Porque aquí está el truco: Morena construyó un enemigo abstracto —el "cártel del agua", los "acaparadores", el "mercado negro"— pero diseñó una ley que puede aplicarse contra cualquiera. Rubén Moreira y el PRI denunciaron que el dictamen establece "una serie de sanciones administrativas y penales" que "criminalizan a los campesinos". César Alejandro Domínguez explicó que el artículo 22 prohíbe la transmisión de derechos de agua, un concepto que incluye tanto la venta como la herencia y la donación, aunque Morena insiste en que el artículo 49 protege el binomio tierra-agua. Pero como señaló Moreira, ese artículo "está al final del procedimiento", concatenado con los artículos 37bis, 37bis1 y 37bis2 que condicionan y restringen esos derechos. La ley dice una cosa en un artículo y la contradice en otro. ¿Casualidad o diseño?

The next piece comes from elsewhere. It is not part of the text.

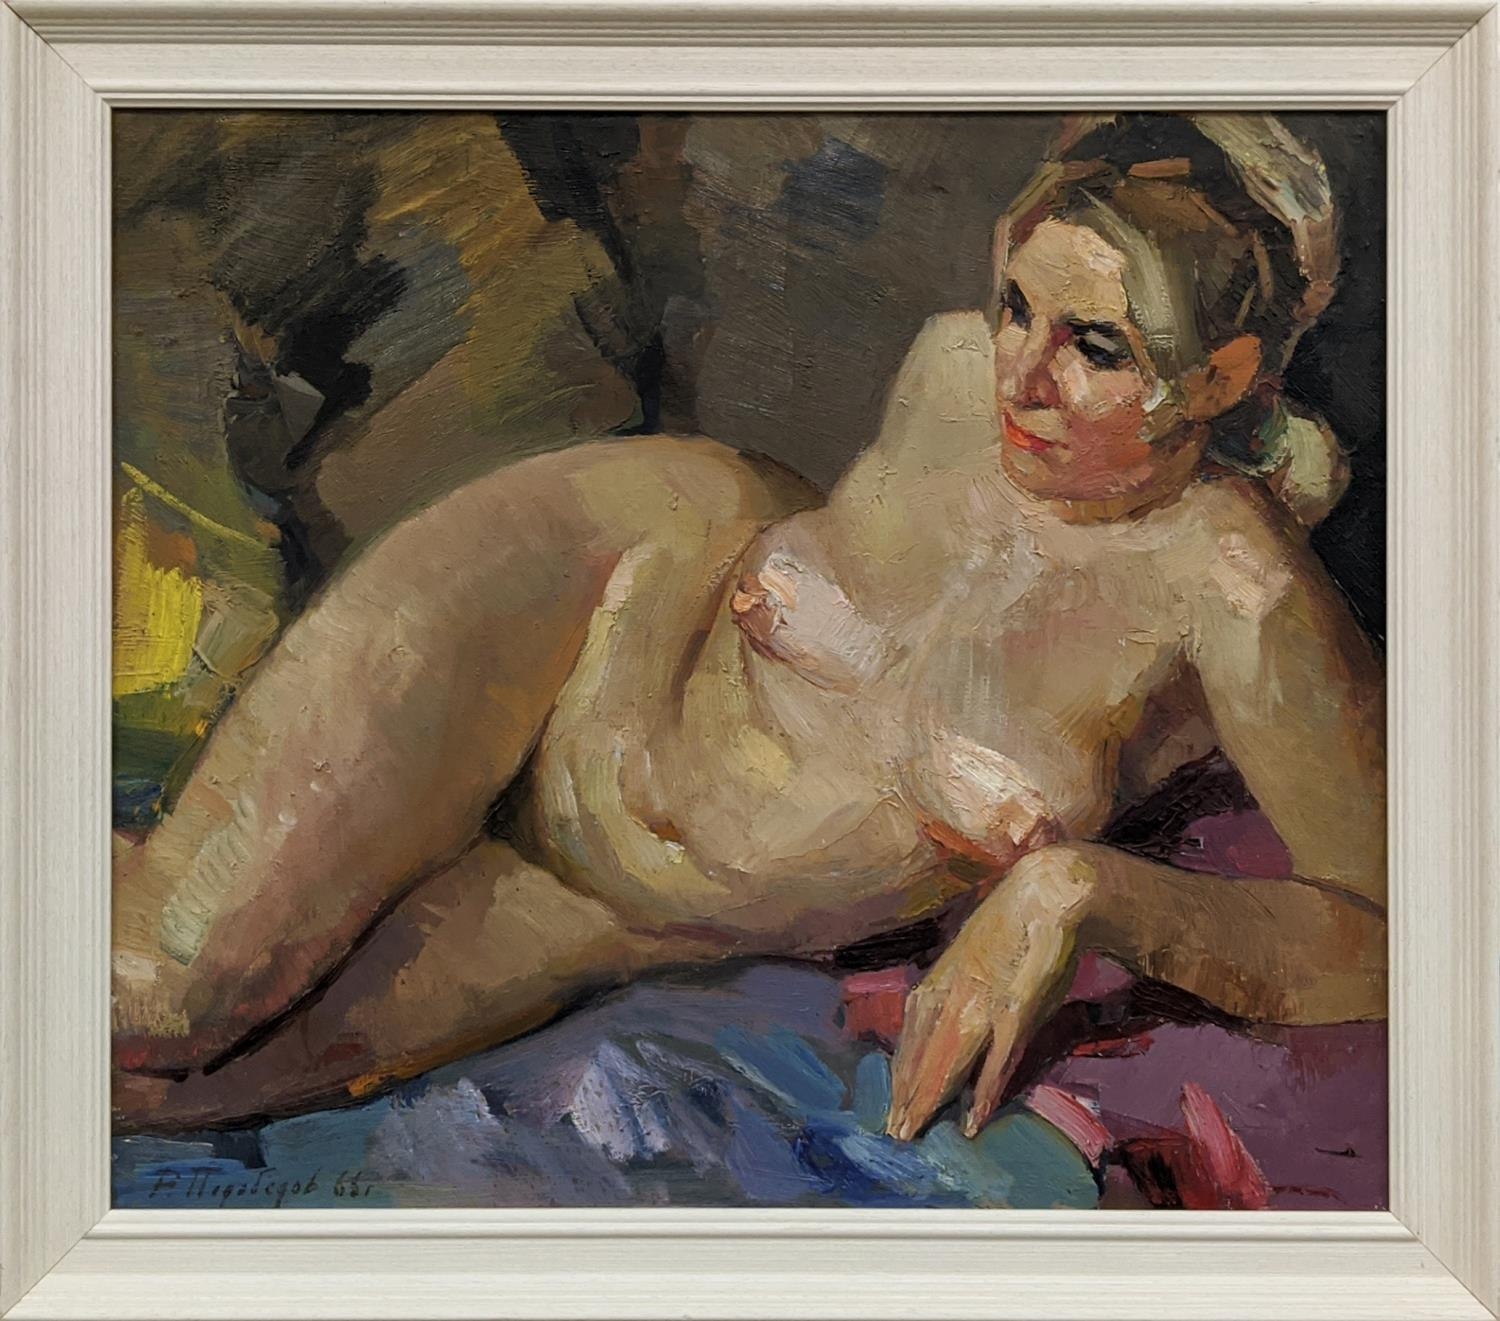 ROMAN PODOBEDOV (1920-2003), 'Model in the artist studio' 1966, oil on canvas, 60cm x 70cm.

El patrón es conocido: crear incertidumbre jurídica para que la aplicación de la ley dependa de la voluntad política del momento. Si un productor cae mal, se le aplica el artículo 22 y pierde su concesión. Si un ejidatario no se alinea, se le acusa de operar un pozo ilegal y termina detenido. Si un empresario agrícola no negocia con el gobierno, se le revisa el volumen de agua que usa y se le sanciona por "usar el agua para fines distintos que la concesión tiene", como amenazó Monreal. La discrecionalidad se vuelve poder, y el poder sin límites claros se vuelve arbitrariedad.
Y luego está la trampa constitucional que el PRI denunció y Morena jamás respondió: la omisión de la consulta previa obligatoria a pueblos originarios, violando el artículo 2 constitucional y convenios internacionales. Irma Juan Carlos, diputada de Morena, intentó justificarlo diciendo que la consulta se hará "en unos meses más" cuando se elabore la ley reglamentaria. Pero eso es reconocer la violación: la consulta debió hacerse antes de aprobar la ley, no después. Moreira tiene razón: "No es una cortesía, es una obligación y Morena les da la espalda a los pueblos originarios". ¿Y qué pasa si los pueblos indígenas rechazan aspectos de la ley en esa consulta tardía? ¿Se modificará la ley ya aprobada? Lo dudamos. La consulta post-factum es un simulacro, un trámite cosmético para cumplir formalmente sin ceder poder real.
Mientras tanto, el campo respondió con claridad: tractores en San Lázaro, 15 bloqueos carreteros, rutas comerciales paralizadas en Zacatecas, Chihuahua, Puebla, Sonora. No son los "agoreros de la violencia" que describe Monreal, ni el "populismo" que denuncian desde la tribuna. Son 600 mil concesionarios que leyeron entre líneas y entendieron que esta ley no viene a protegerlos sino a subordinarlos. Entendieron que cuando Ramírez Cuéllar dice que "no pierden nada de lo que tenían, pero tampoco van a ganar más espacios de agua", está describiendo un cerrojo: el Estado controla quién crece y quién no, quién produce y quién sobrevive.
La Ley General de Aguas pudo ser una reforma histórica que garantizara el derecho humano al líquido, modernizara la gestión hídrica y protegiera tanto a comunidades urbanas como a productores rurales. Pero Morena eligió otro camino: construyó una ley punitiva disfrazada de social, un instrumento de control estatal vestido de justicia ambiental.